Data provided:
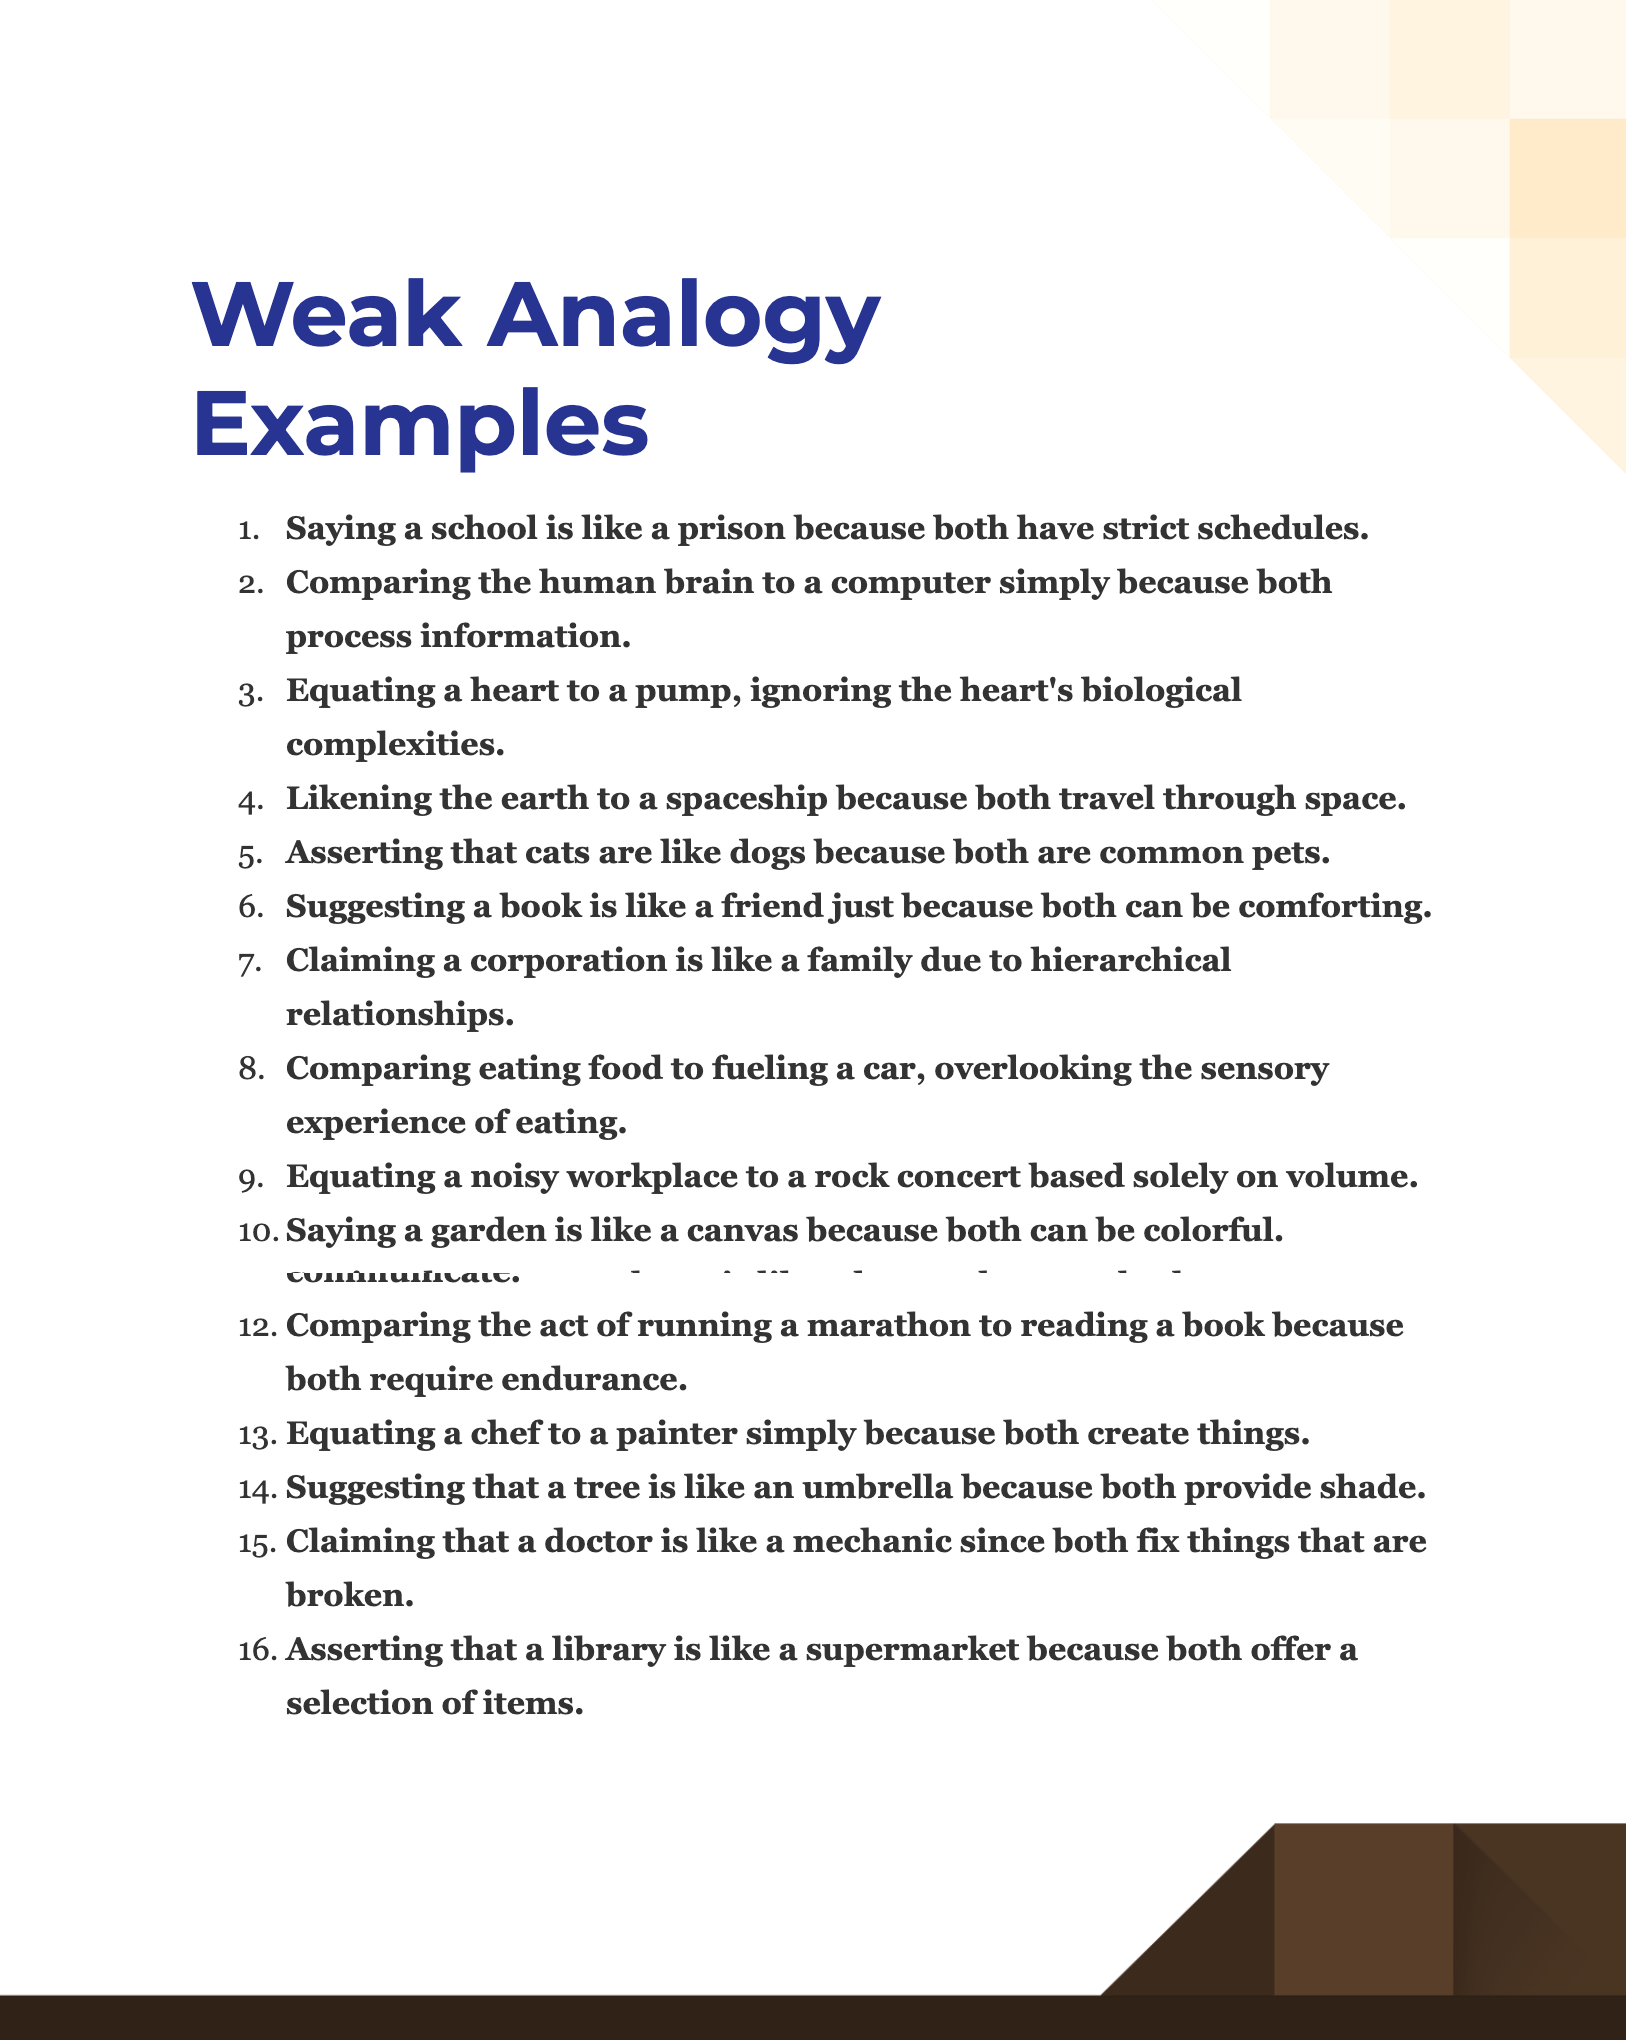 Weak Analogy Examples
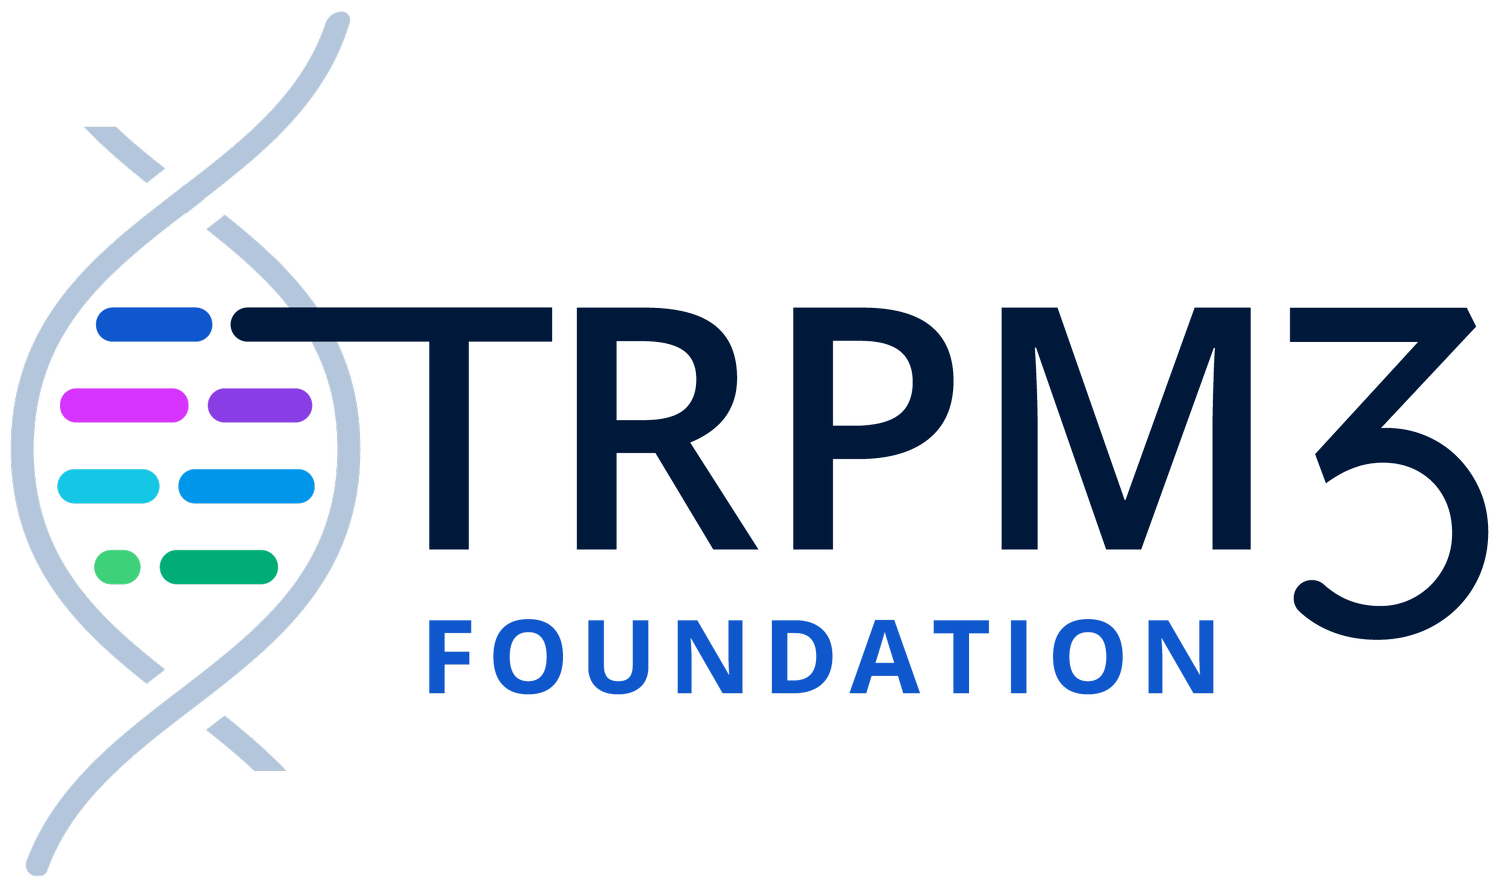 TRPM3 Foundation
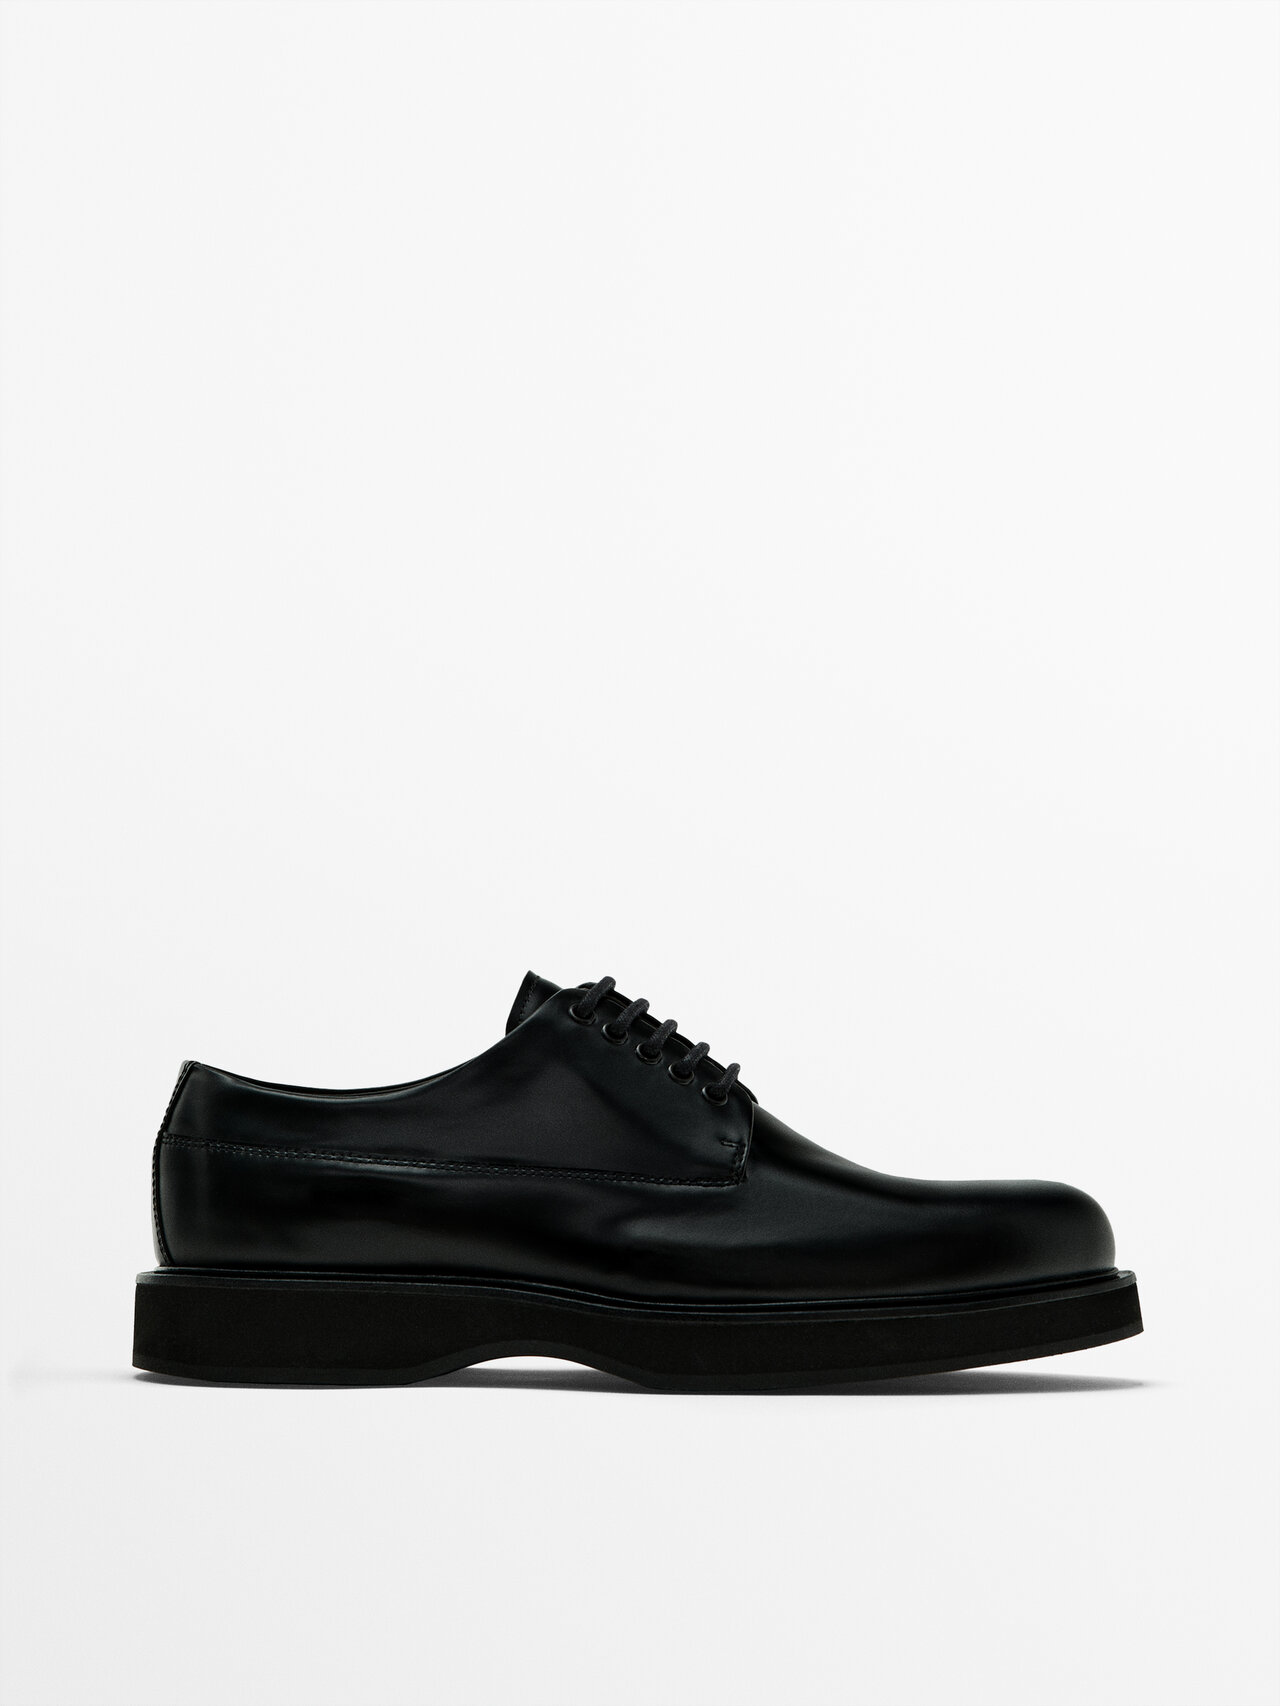 Massimo Dutti Black Lace-up Shoes

Aim of the exercise:
The expected output is the lines from the line that contains "TRPM3 Foundation" through the last line of the material, reproduced exactly, with both ends present and pictures absent.

Answer box:
 TRPM3 Foundation
 Massimo Dutti Black Lace-up Shoes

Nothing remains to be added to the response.